While summer floods are not an unusual occurrence in China due to seasonal rains, this year’s downpours are particularly bad. Flooding has hit 27 out of the 31 provincial regions in mainland China, with the average precipitation in the Yangtze River basin reaching the highest level recorded since 1961

Chen Tao, the chief weather forecaster at the National Meteorological Center, was quoted as saying, “Compared with before, this year’s rainfall was more intense and repeatedly poured down on the same region, which brought significant pressure on flood control.”

443 rivers throughout the country have been flooded, with 33 of them rising to the highest levels ever recorded, the Ministry of Water Resources said. The majority of these rivers are in the basin of the Yangtze River, which flows from west to east through densely populated provinces of central China.

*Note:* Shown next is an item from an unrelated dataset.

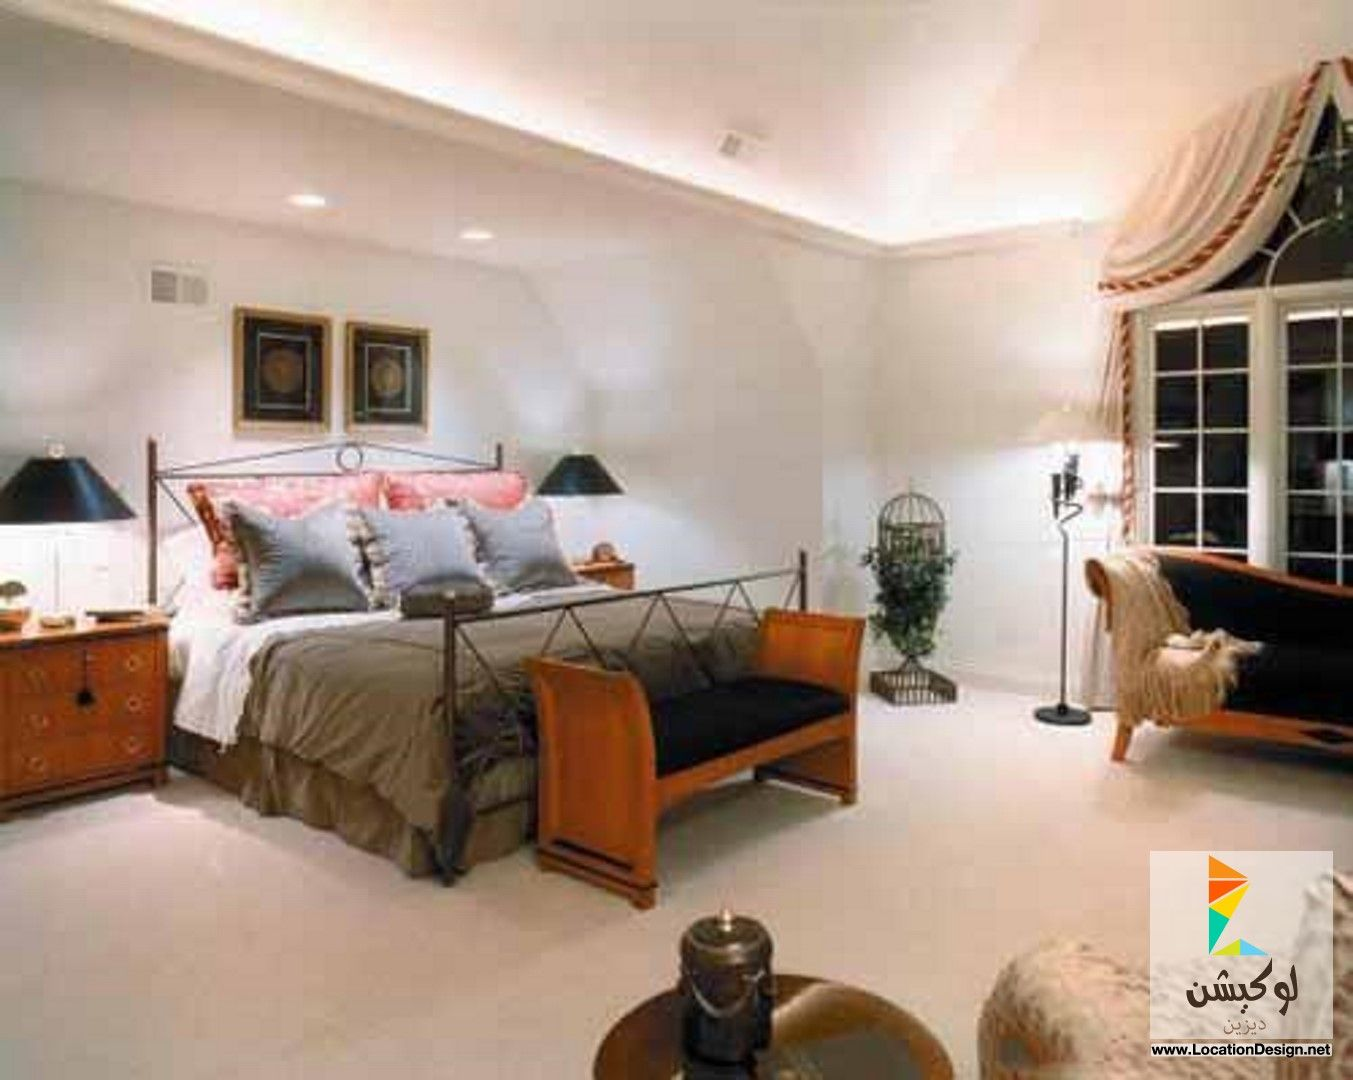 غرف نوم مودرن للمساحات الصغيرة لوكيشن ديزاين تصميمات ديكورات أفكار جديدة مصر Locationdesign Com Home Decor Home Furniture

The river is the most important waterway in the country, irrigating large areas of farmland and linking inland industrial metropolises with Shanghai.

Ye Jianchun, vice minister of water resources, told a briefing on Monday, “Going into the key flood-prevention period of late July to early August, the current trends remain grim on the Yangtze and the Lake Tai basins.” He added that the belts of heavy rain that have lashed central China would eventually head north.

China’s weather bureau said that although some regions in the southwest would see a temporary respite from the heavy rain, central and eastern China would continue to bear the brunt of the storms. On July 14, the China Meteorological Administration issued a blue alert for heavy rain until Saturday in provinces in the country including Sichuan, Hubei, Anhui, Jiangsu and Zhejiang. 

In the meantime, residents along the Yangtze River and in the Poyang Lake region continue to implement their own series of defence measures, securing riverbanks and fortifying dykes with sandbags to prevent entire villages being submerged.